Today, amidst the normal routines of my life and the demands of my children, I thought of an old high school classmate, a boy who was a year behind me in school. We grew up in the same church and attended the same youth group. For awhile, this boy had two friends named “Dean” . . . and since his name was also “Dean,” this was noteworthy.
The three Deans and my friend, Shelly, and I spent a lot of time together. I remember playing pool at Shelly’s house while the soundtrack to “Grease” played in the background. We had innocent fun together, unless you count the time the three Deans invited Shelly and I to a movie. My parents were strict but they trusted me. So, when I returned home from the movie and my stepmom asked, “What movie did you see?” I said, “Oh, the Pirates of Penzance.”
That’s the only lie I remember telling as a teenager. The three Deans actually took us to see Friday the 13th in 3D. My parents would not have approved and honestly, I would have agreed with them–who needs to see an eyeball flying towards them while wearing 3D glasses?
Anyway, so I was thinking about the three Deans today. I graduated from high school a year before they did and lost track of them. I didn’t come home from college during the summers at all.
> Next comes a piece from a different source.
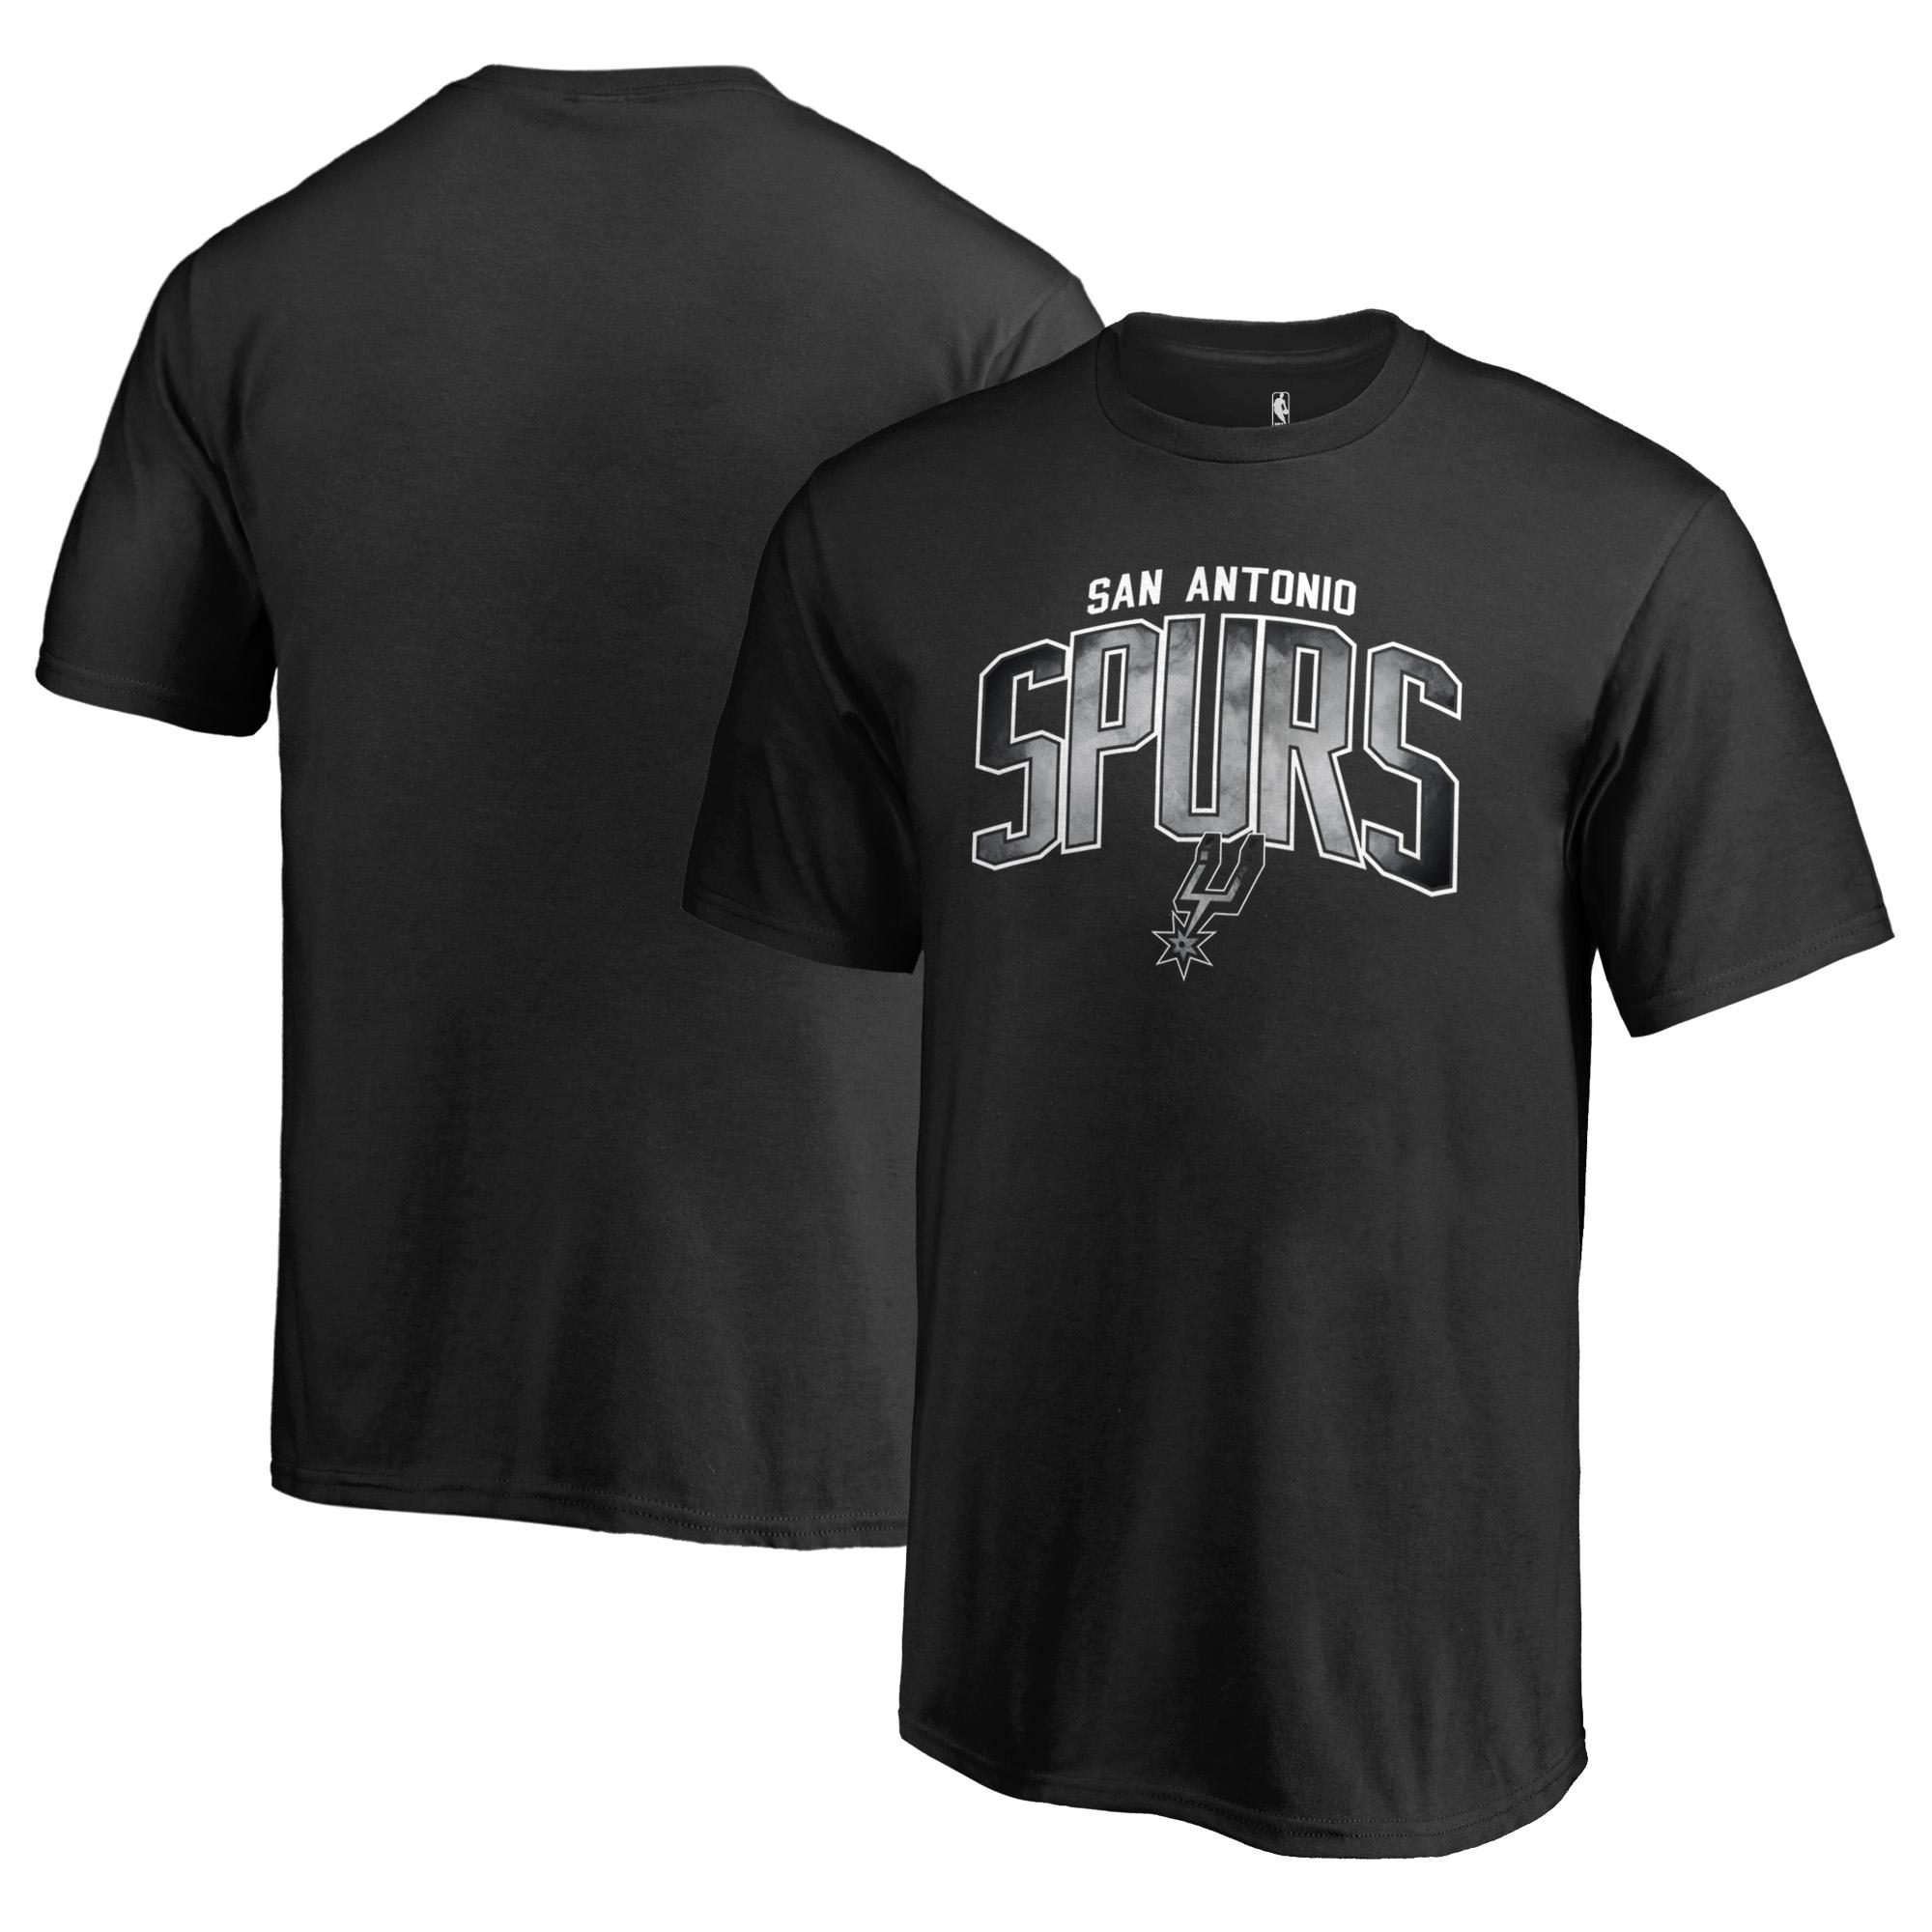 San Antonio Spurs Fanatics Branded Youth Arch Smoke T-Shirt - Black

Even my closest friends fell away when I moved two thousand miles from home.
Today, I did a Google search on “Dean Ullestad,” the tall, lanky, blond Dean from my childhood and adolescence. That’s how I found out that he’s dead.
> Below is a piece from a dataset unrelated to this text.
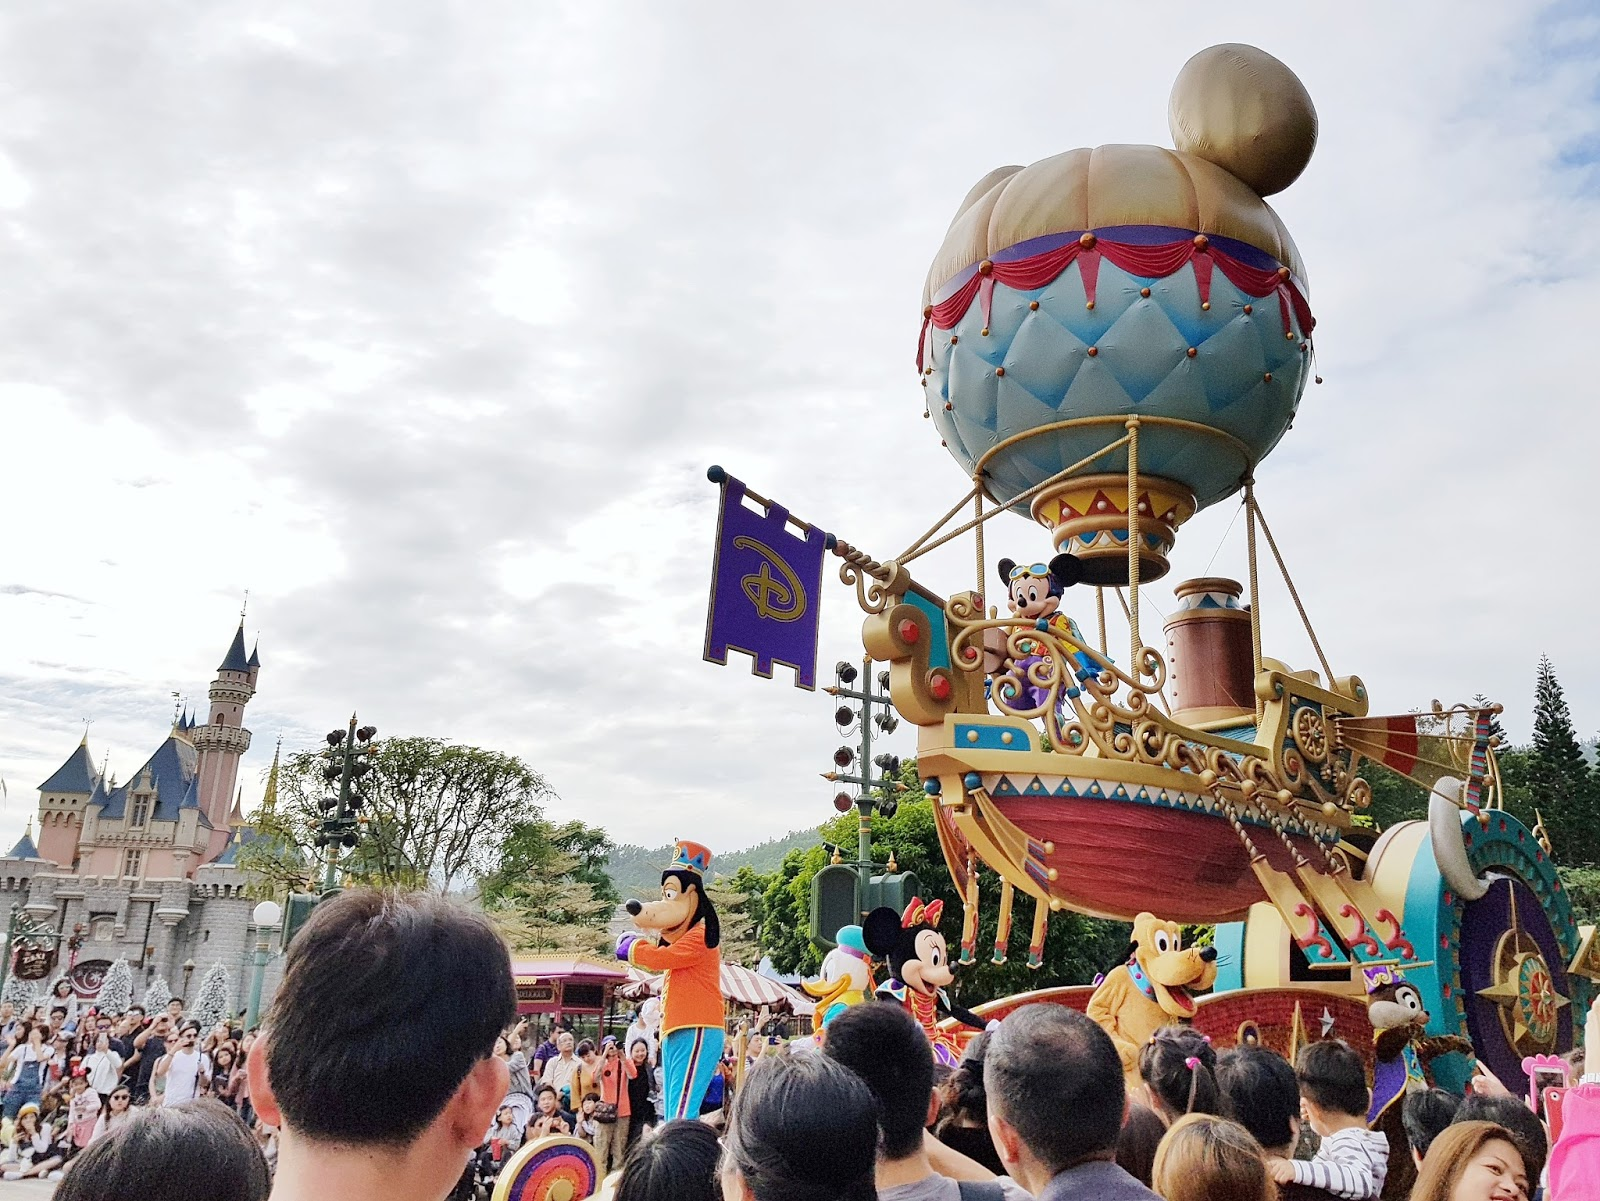 Celebrating Christmas in Hong Kong Disneyland

I found a Memoriam page on the 1994 high school reunion site. Dean’s picture is posted, alongside three other deceased classmates.
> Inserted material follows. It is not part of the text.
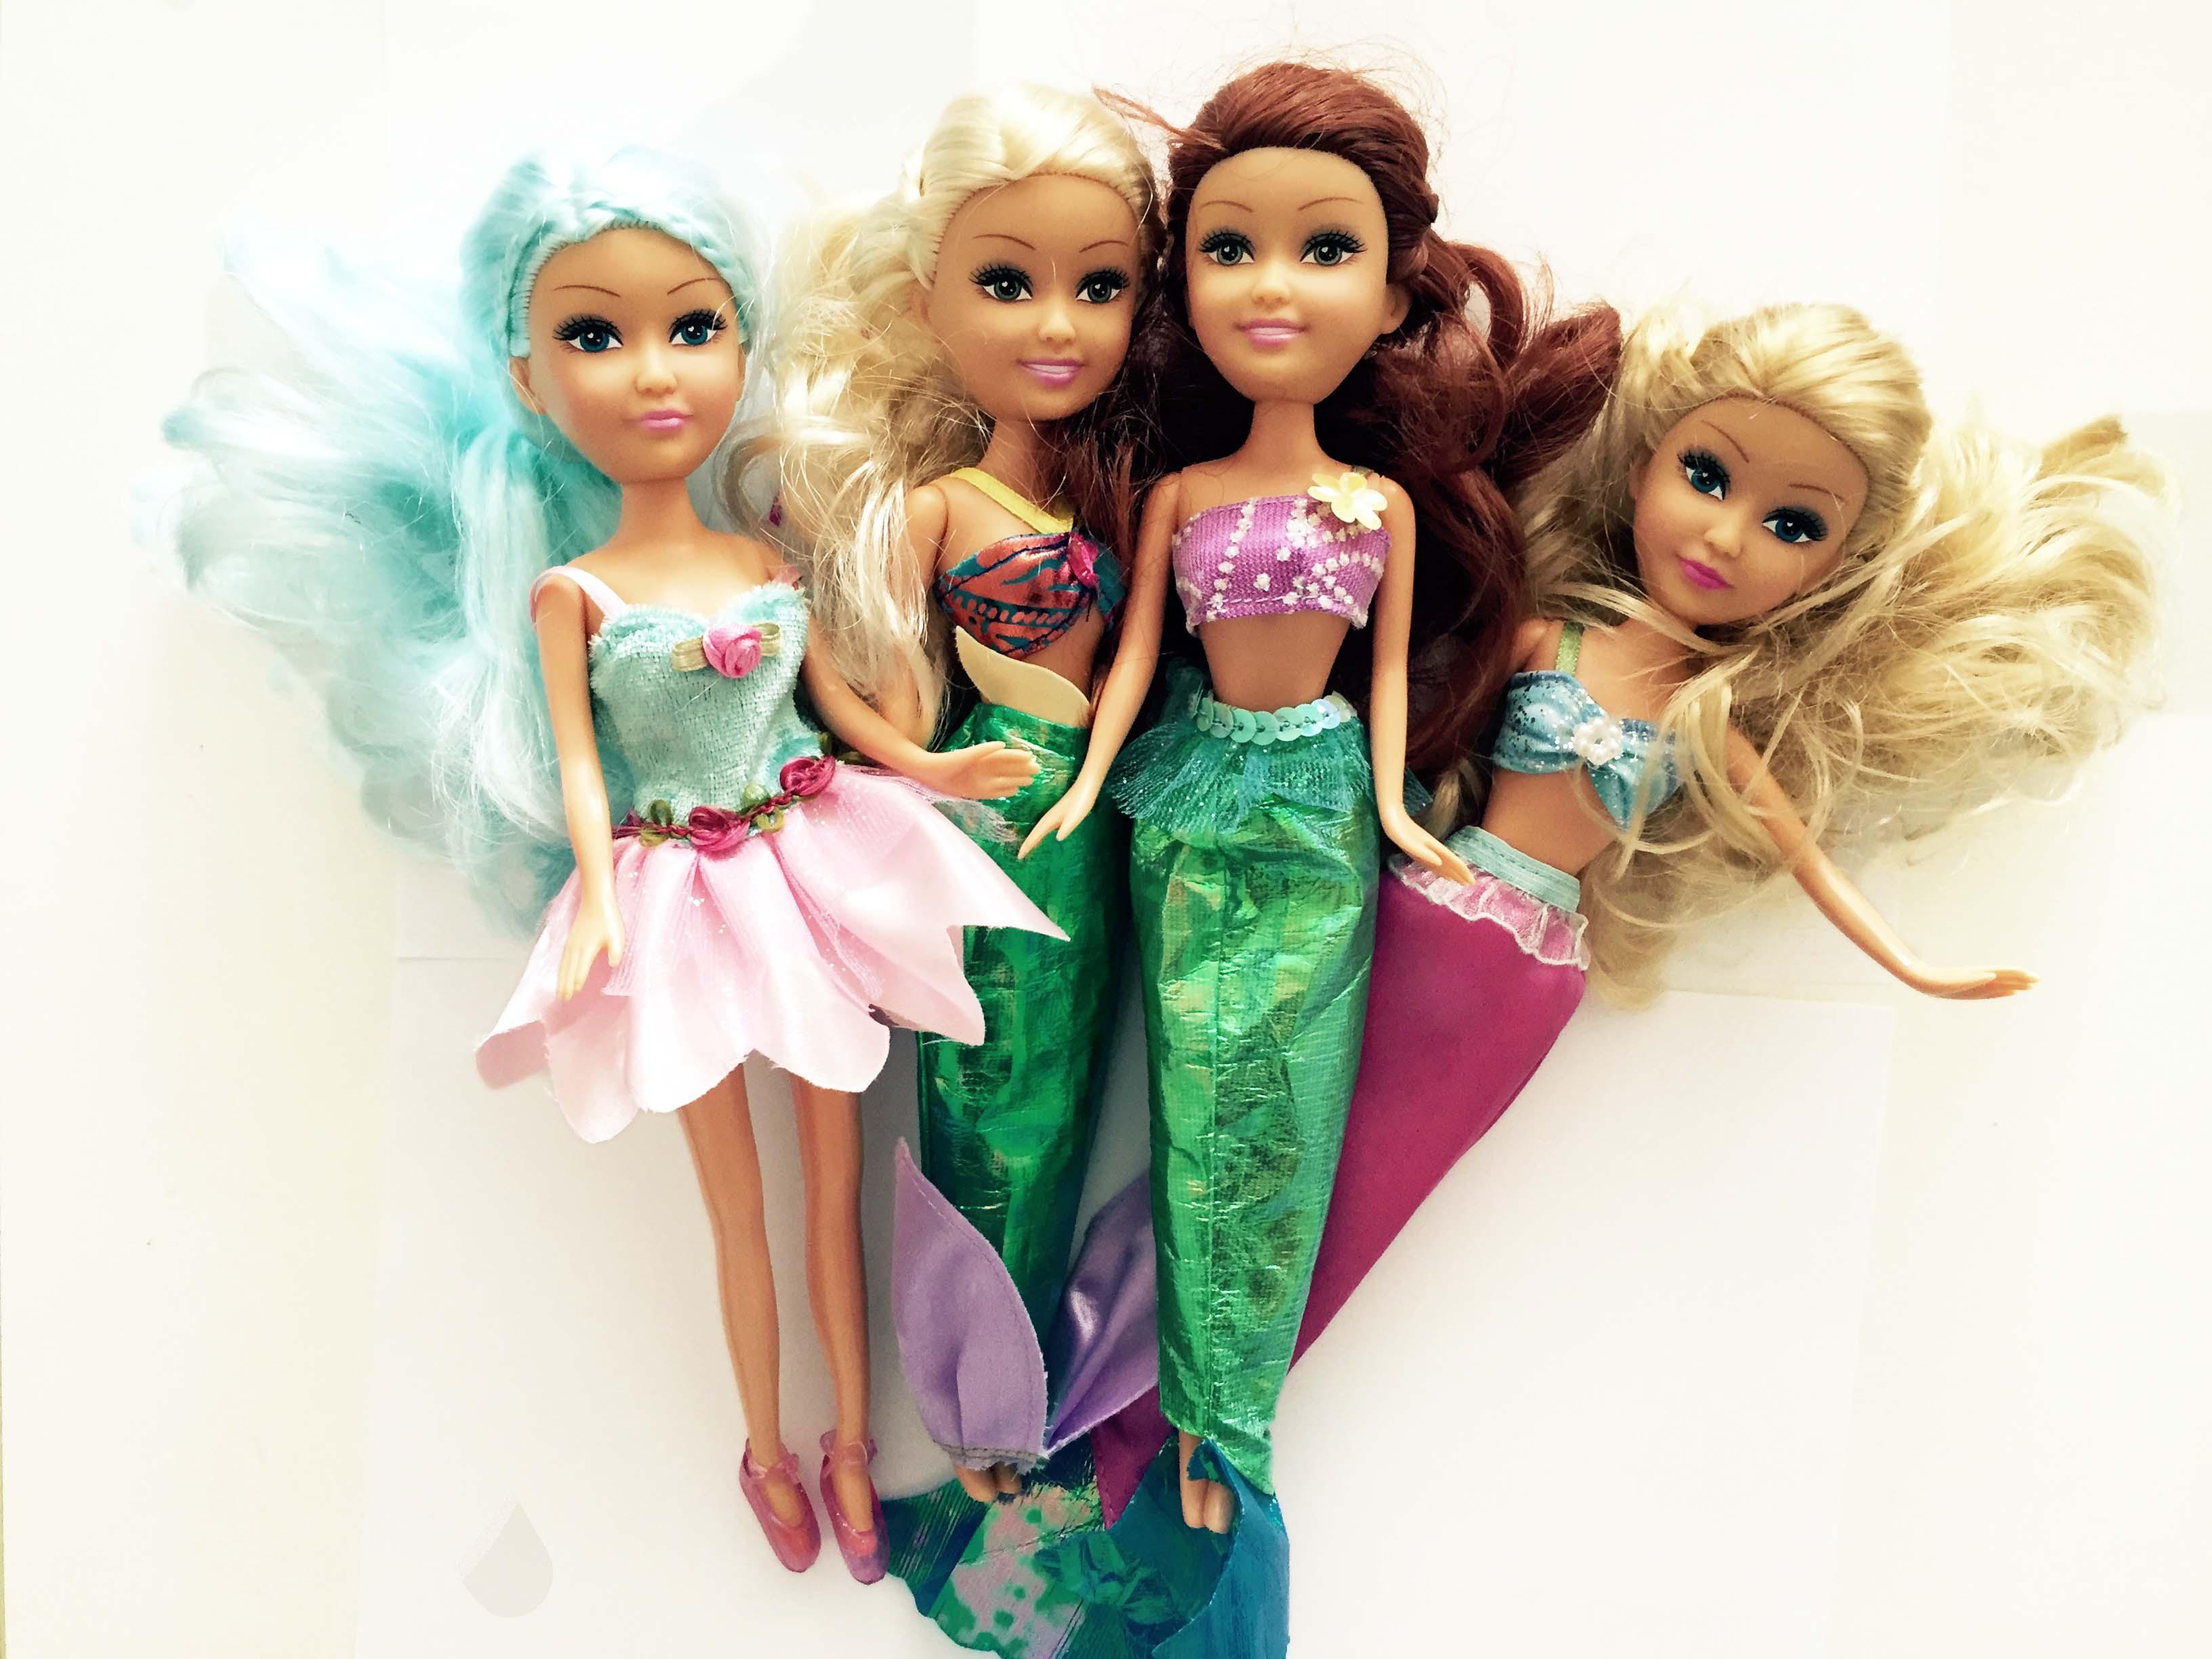 0280: Sparkle Girls Mermaid Dolls

I could not be more shocked. I want to call someone, to email someone, to Google something to find answers, but I don’t know where to begin to uncover this news which is at least a decade old.
Other than that, my day was completely unremarkable. Stumble upon tragedy. Cook dinner. Life interspersed with death. I will never get used to it.

It’s never easy to hear when a classmate passes. “life interspersed with death” says so much.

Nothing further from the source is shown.